For IndieWire, Jude Dry wrote, “‘Fire Island’ marries the promise of the queer comedy boom with the artistic arrival of Asian American cinema. Gorgeously intersectional, subtly political, and a damn good time — it’s a guaranteed instant classic. … ‘Fire Island’ is ultimately a friendship love story wrapped inside a sexy matchmaking romp.”
For Vanity Fair, Richard Lawson wrote, “Given the strict and vexing hierarchies of Fire Island, Kim Booster’s choice of template is an apt one. All of Austen’s coy and prickly social maneuvering easily maps onto the particular gay ecosystem depicted in the film — interrupted, of course, by very modern bursts of sex and drugs. The greatest asset of ‘Fire Island’ is the island itself. Much of the film was shot on location in the late summer and early fall of last year, which gives the film a crucial specificity. Those of us who’ve been to the island before, for better or worse, may more potently recognize the strange significance of seeing, say, the Ice Palace looming large in a glossy, buzzed-about movie released on a streaming platform owned by Disney. But even if these places mean little or nothing to a viewer, I’d think they’ll still feel the enveloping pull of the film’s granular texture, the keen sense of place that so many movies — filmed on Atlanta sound stages or Canadian cities dressed up to look like something else — seem to lack these days.”

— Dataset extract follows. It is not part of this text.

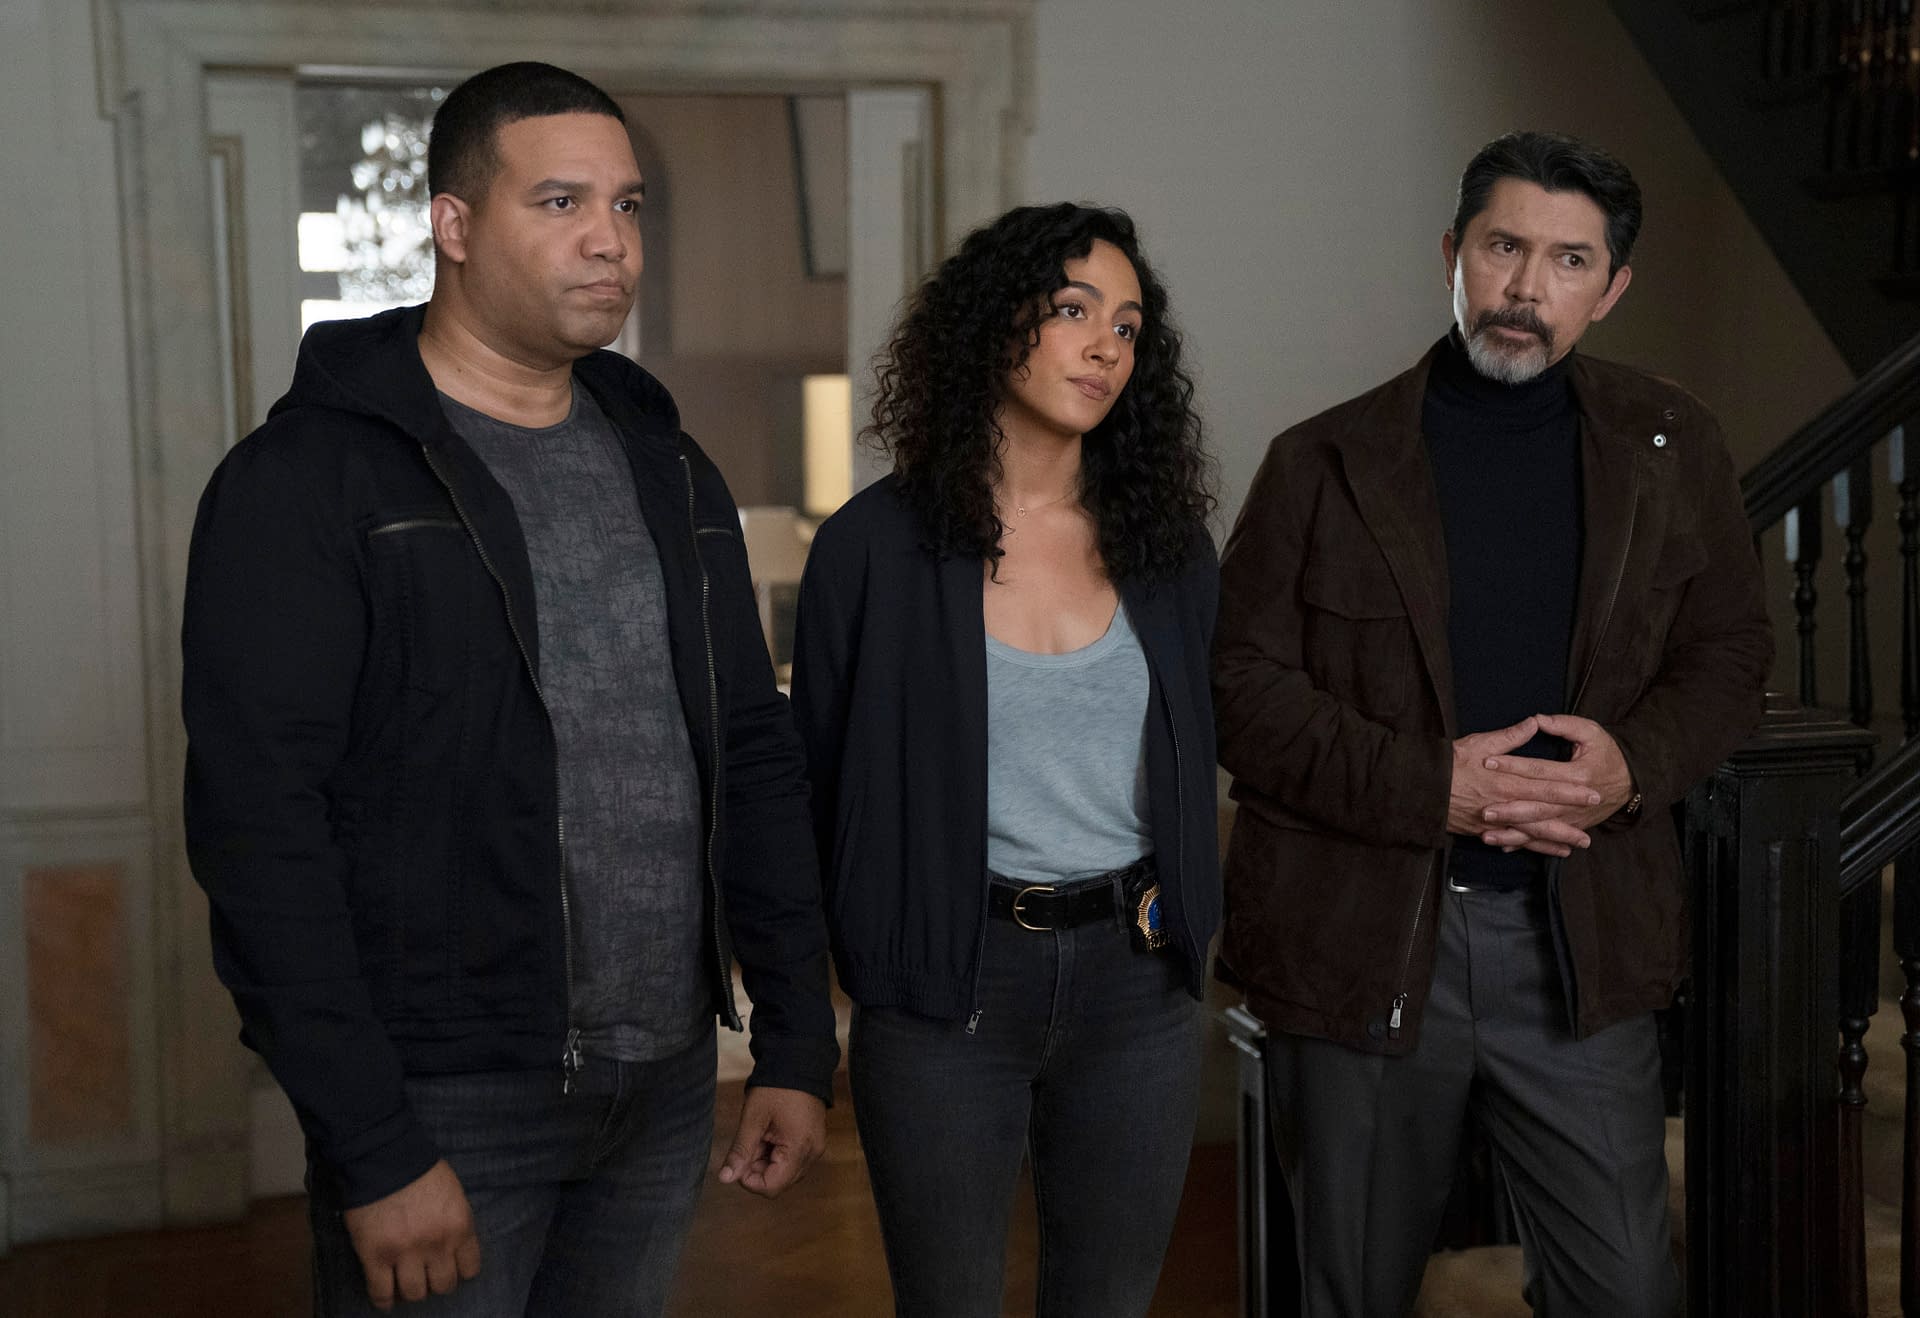 "Prodigal Son": Nothing Screams "Father/Son Bonding" More Than Quadruple Homicide [PREVIEW]
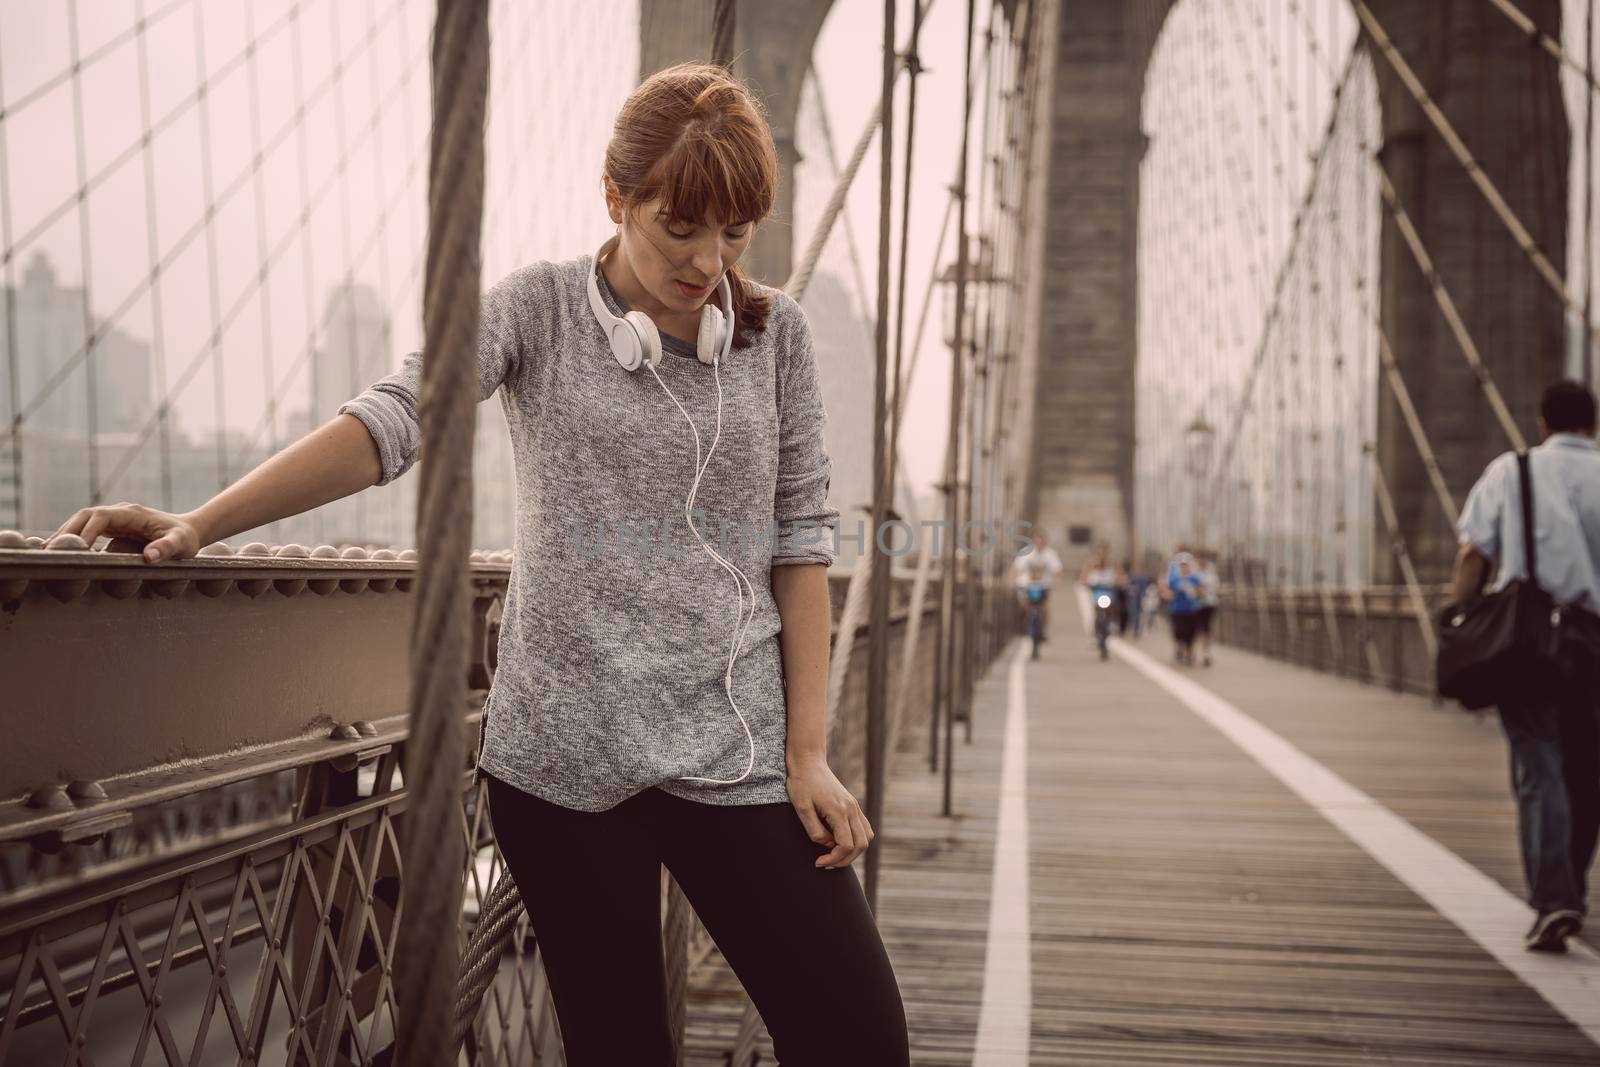 Woman on the Brooklyn bridge making a pause after the exercise

For Vulture, Alison Willmore wrote, “‘Fire Island’ feels hemmed in by its source material even when being loose and irreverent with it. Or maybe it’s the genre itself that’s the constraint. ... ‘Fire Island’ is, in other words, a reluctant romantic comedy that’s willing to acknowledge the genre’s shopworn pleasures while only begrudgingly indulging them itself. All of its best parts — and there are plenty — exist outside of that framing, which raises the question of why it’s there at all except as a means of wrestling with its author’s ambivalence about the conventional wisdom that a happy ending is the result of a pairing off.”